Mahkamah Konstitusi (MK) mengabulkan sebagian gugatan Undang-Undang Nomor 28 Tahun 2014 tentang Hak Cipta. Dalam putusannya, MK menegaskan bahwa pembayaran royalti atas penggunaan ciptaan dalam suatu pertunjukan komersial harus dilakukan oleh pihak penyelenggara pertunjukan.
Sidang putusan tersebut digelar di gedung MK, Jakarta Pusat, pada Rabu (17/12/2025). Gugatan ini diajukan oleh sejumlah musisi terkemuka, termasuk Ariel, Raisa Andriana, Bunga Citra Lestari, Judika, hingga Armand Maulana.
Ketua MK Suhartoyo saat membacakan amar putusan menyatakan, “Menyatakan frasa ‘setiap orang’ dalam norma Pasal 23 ayat (5) Undang-Undang Nomor 28 Tahun 2014 tentang Hak Cipta bertentangan dengan Undang-Undang Dasar Negara Republik Indonesia Tahun 1945 dan tidak mempunyai kekuatan hukum mengikat secara bersyarat sepanjang tidak dimaknai ‘termasuk penyelenggara pertunjukan secara komersial’.”
Dalam pertimbangannya, Hakim Konstitusi Enny Nurbaningsih menjelaskan bahwa suatu pertunjukan pada prinsipnya melibatkan dua pihak utama, yaitu penyelenggara pertunjukan dan pelaku pertunjukan. Mahkamah menilai frasa ‘setiap orang’ dalam Pasal 23 ayat (5) UU Hak Cipta berpotensi menimbulkan multitafsir dan ketidakpastian hukum mengenai siapa yang seharusnya membayarkan royalti.
Menurut MK, ketidakpastian ini muncul lantaran frasa tersebut dapat ditafsirkan sebagai siapa pun yang terlibat dalam terselenggaranya suatu pertunjukan. Mahkamah berpendapat, dalam batas penalaran yang wajar, nilai keuntungan dari suatu pertunjukan komersial ditentukan oleh jumlah penjualan tiket. Pihak yang memiliki pengetahuan dan kendali penuh atas penjualan tiket adalah penyelenggara pertunjukan.
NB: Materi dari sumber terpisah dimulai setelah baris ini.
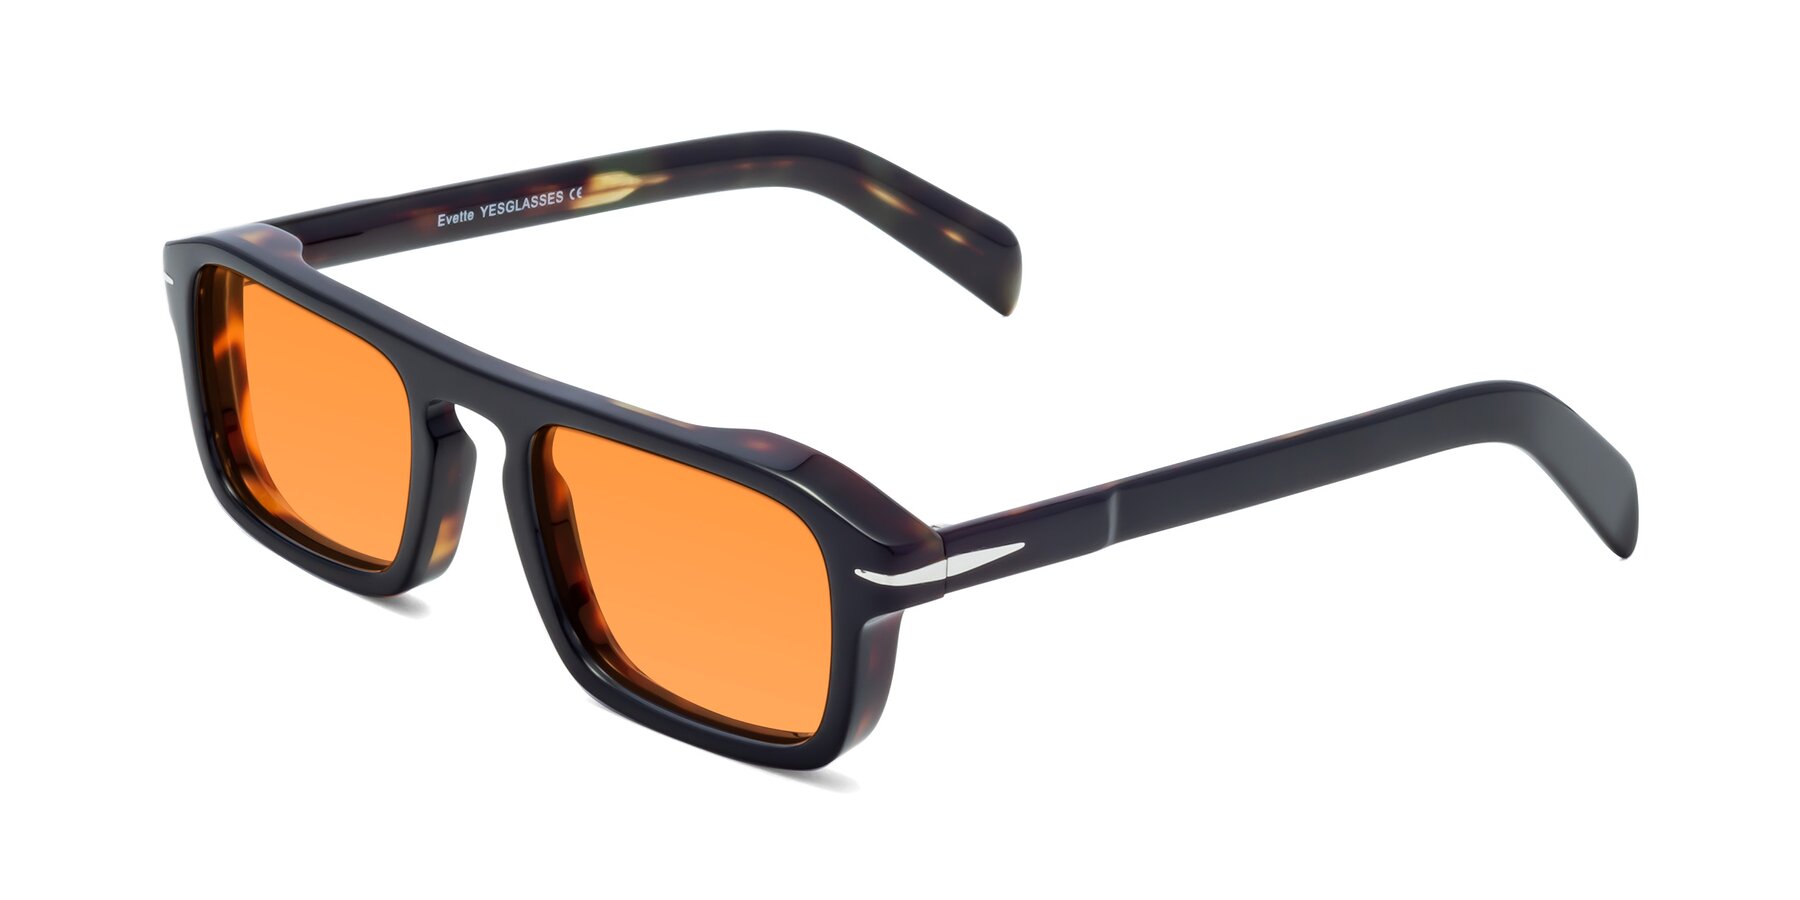 Angle of Evette in Black-Tortoise with Orange Tinted Lenses
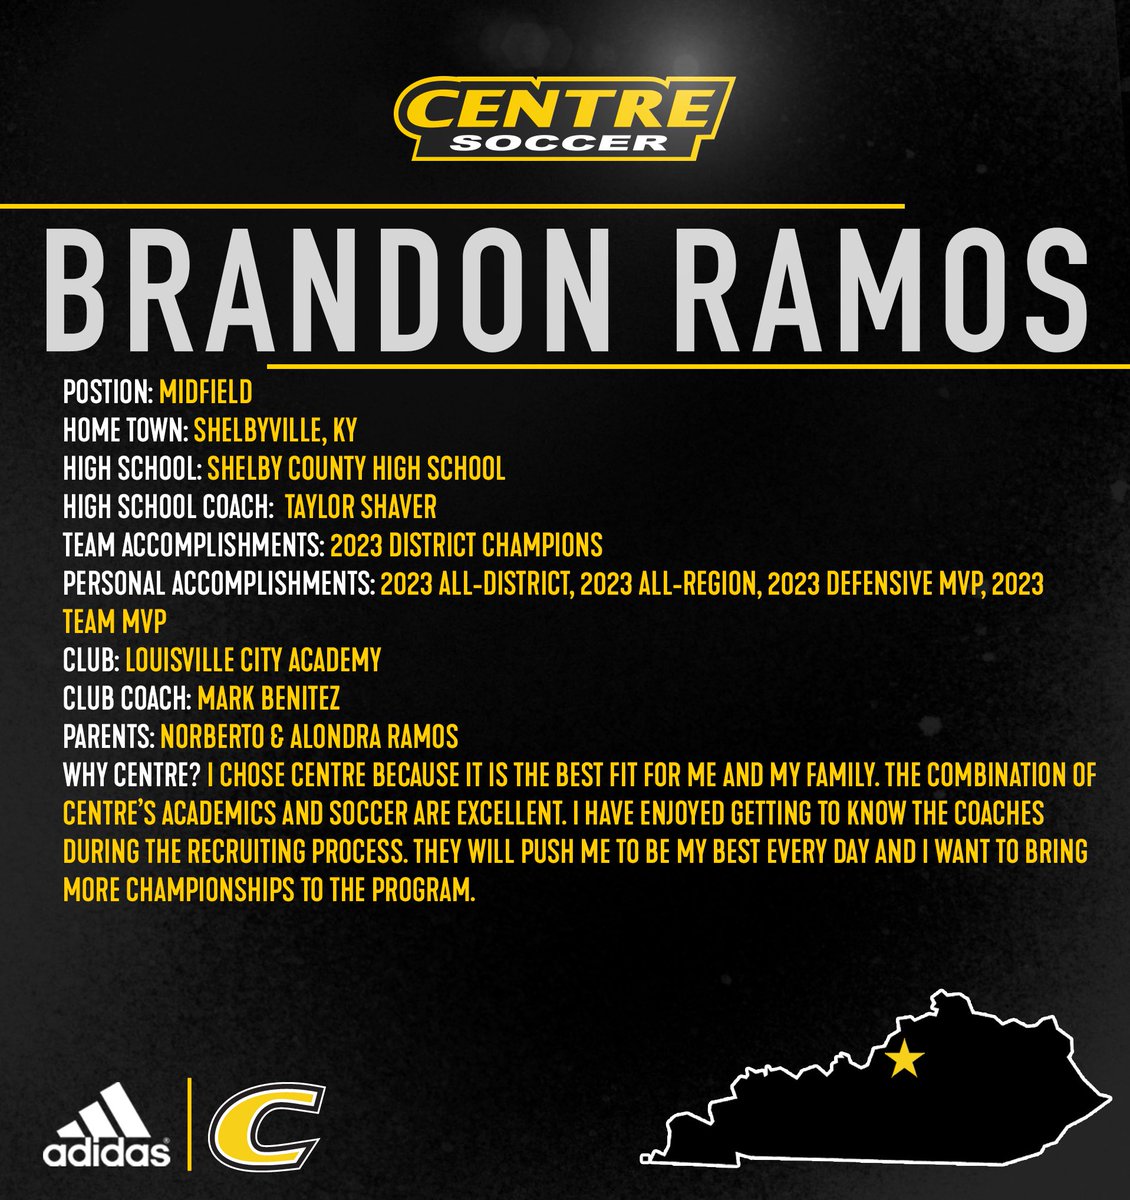 Please join us in Welcoming Brandon Ramos to our #CentreSoccer Family! @LouCityAcademy

“Oleh karena itu, menurut Mahkamah, pihak yang seharusnya membayar royalti kepada pencipta atau pemegang hak cipta melalui LMK ketika dilakukan penggunaan ciptaan dalam suatu pertunjukan secara komersial adalah pihak penyelenggara pertunjukan,” ujar Enny.
Enny melanjutkan, “Demikian pula halnya untuk pembayaran royalti bagi penggunaan hak cipta untuk pertunjukan secara komersial yang telah memperoleh izin langsung dari pencipta atau pemegang hak cipta yang tidak memberikan kuasa kepada LMK. Dengan demikian, frasa ‘setiap orang’ dalam Pasal 23 ayat (5) UU 28/2014 harus dimaknai termasuk penyelenggara pertunjukan.”
Amar Putusan MK Lainnya
Selain poin utama mengenai pembayaran royalti, MK juga mengeluarkan beberapa amar putusan lain:
- Menyatakan frasa ‘imbalan yang wajar’ dalam norma Pasal 87 ayat (1) UU Hak Cipta bertentangan dengan UUD 1945 dan tidak mempunyai kekuatan hukum mengikat secara bersyarat sepanjang tidak dimaknai ‘imbalan yang wajar, sesuai dengan mekanisme dan tarif berdasarkan peraturan perundang-undangan’.
- Menyatakan frasa huruf f dalam norma Pasal 113 ayat (2) UU Hak Cipta bertentangan dengan UUD 1945 dan tidak mempunyai kekuatan hukum mengikat secara bersyarat sepanjang tidak dimaknai ‘dalam penerapan sanksi pidana dilakukan dengan terlebih dahulu menerapkan prinsip restorative justice’.
- Memerintahkan pemuatan putusan ini dalam Berita Negara Republik Indonesia sebagaimana mestinya.
- Menolak permohonan pemohon untuk selain dan selebihnya.